FA595 Financial Technology (FinTech)
Course Catalog Description
Introduction
This course covers emerging topics in the area of financial technology and also allow students to develop
practical programming, statistics, and mathematical skills that are valued in the Fintech industry. We will
explore topics from both theoretical and practical perspectives in the areas of digital currency and blockchain
technologies, automated wealth management, digital lending, peer-to-peer applications including payments
and insurance, machine learning financial applications.
Pre-requisite: FE520 (Introduction to Python for Financial Applications)
Campus | Fall | Spring | Summer |
---|---|---|---|
On Campus | X | X |
Instructors
Professor | Office | |
---|---|---|
Victoria Li
|
jli264@stevens.edu |
More Information
Course Outcomes
After successful completion of this course, students will:
- Be conversant in both the main theoretical ideas and high-level concepts of the financial technology topics to be discussed.
- In addition, students should aim to become proficient in the implementation of key ideas behind such topics.
- The main aim of this course is to give students exposure to core ideas in financial technology as well as develop hands-on programming skills in the Fintech area.
- Give students exposure to core ideas in financial technology as well as develop hands-on programming skills in the Fintech area.
- Students will also be given outlines for a main project for this course which may lead into future research projects or a master’s thesis topic.

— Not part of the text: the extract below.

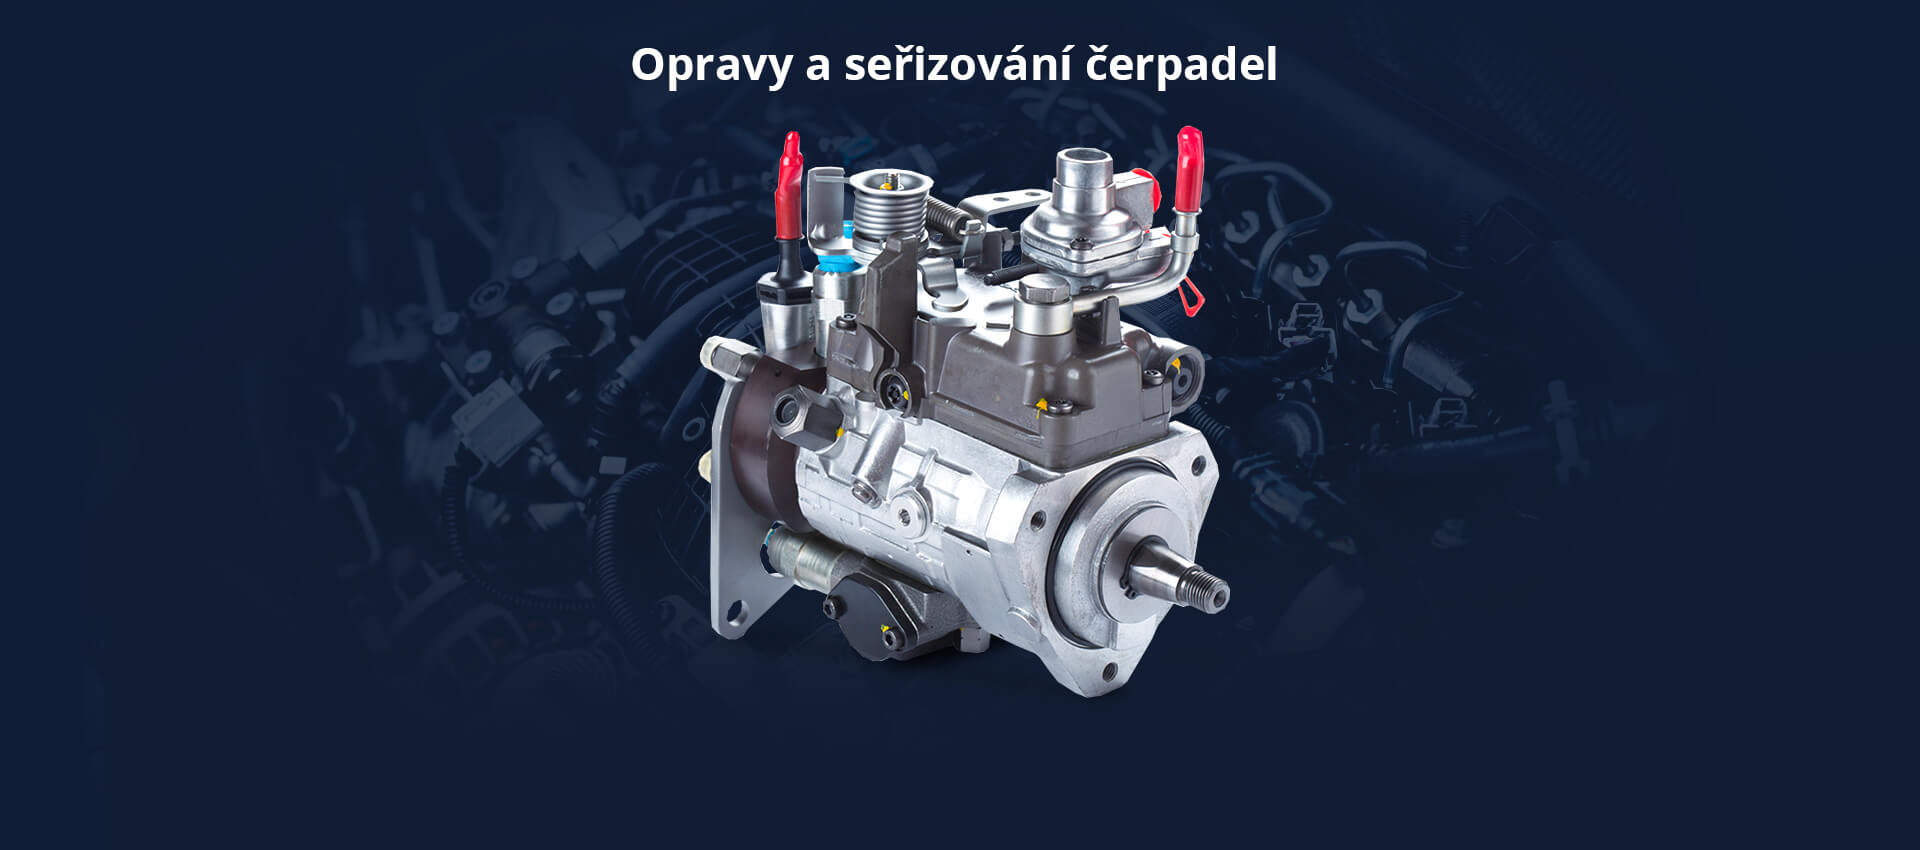 Opravy a seřizování čerpadel Autodiesel Laszák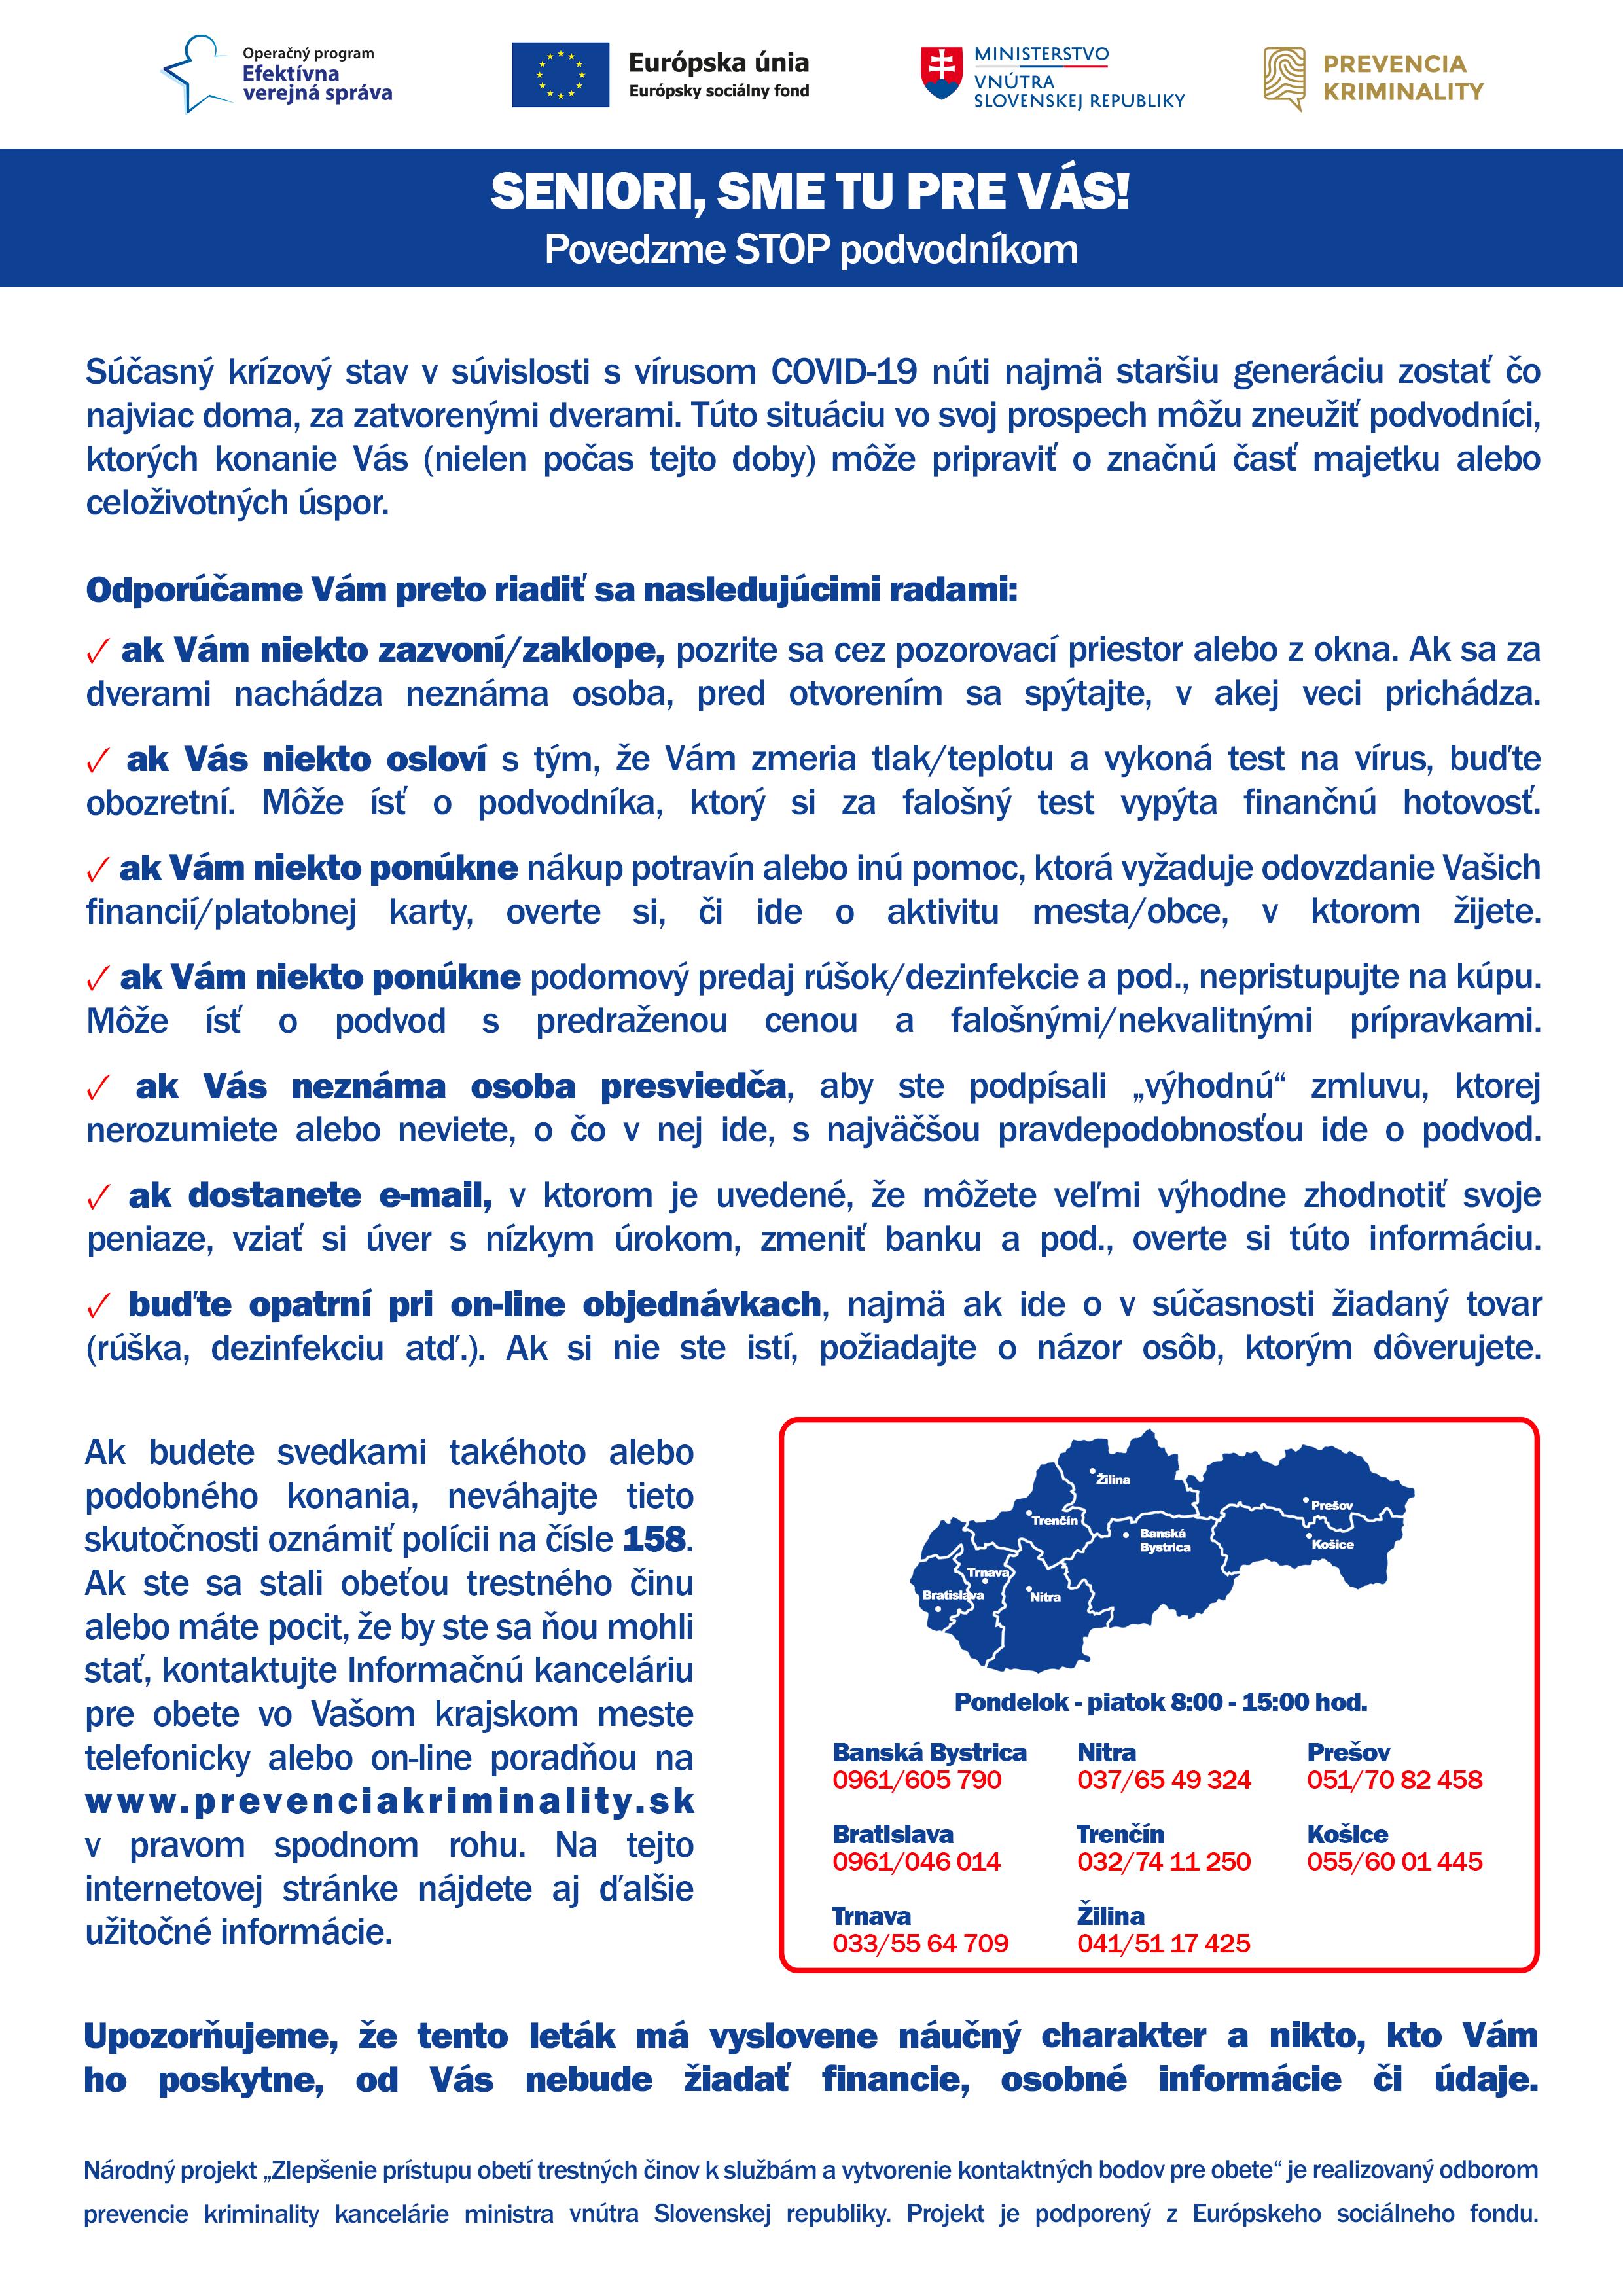 Odbor_prevencie_kriminality_-_Seniori.png

- Finally, this course is a precursor for further Fintech topic specific graduate courses.
Course Resources
Recommended Readings
- Mastering Ethereum: Building Smart Contracts and DApps (2018) by Andreas M. Antonopoulos and Gavin Wood. ISBN: 1491971940.
- Blockchain Bubble or Revolution: The Future of Bitcoin, Blockchains, and Cryptocurrencies (2019)by Neel Mehta, Aditya Agashe and Parth Detroja. ISBN: 0578528150.
- DeFi and the Futrue of Finance (2021) by Campbell R Harvey, Ashwin Ramachandran and Joey Santoro. ISBN: 1119836018.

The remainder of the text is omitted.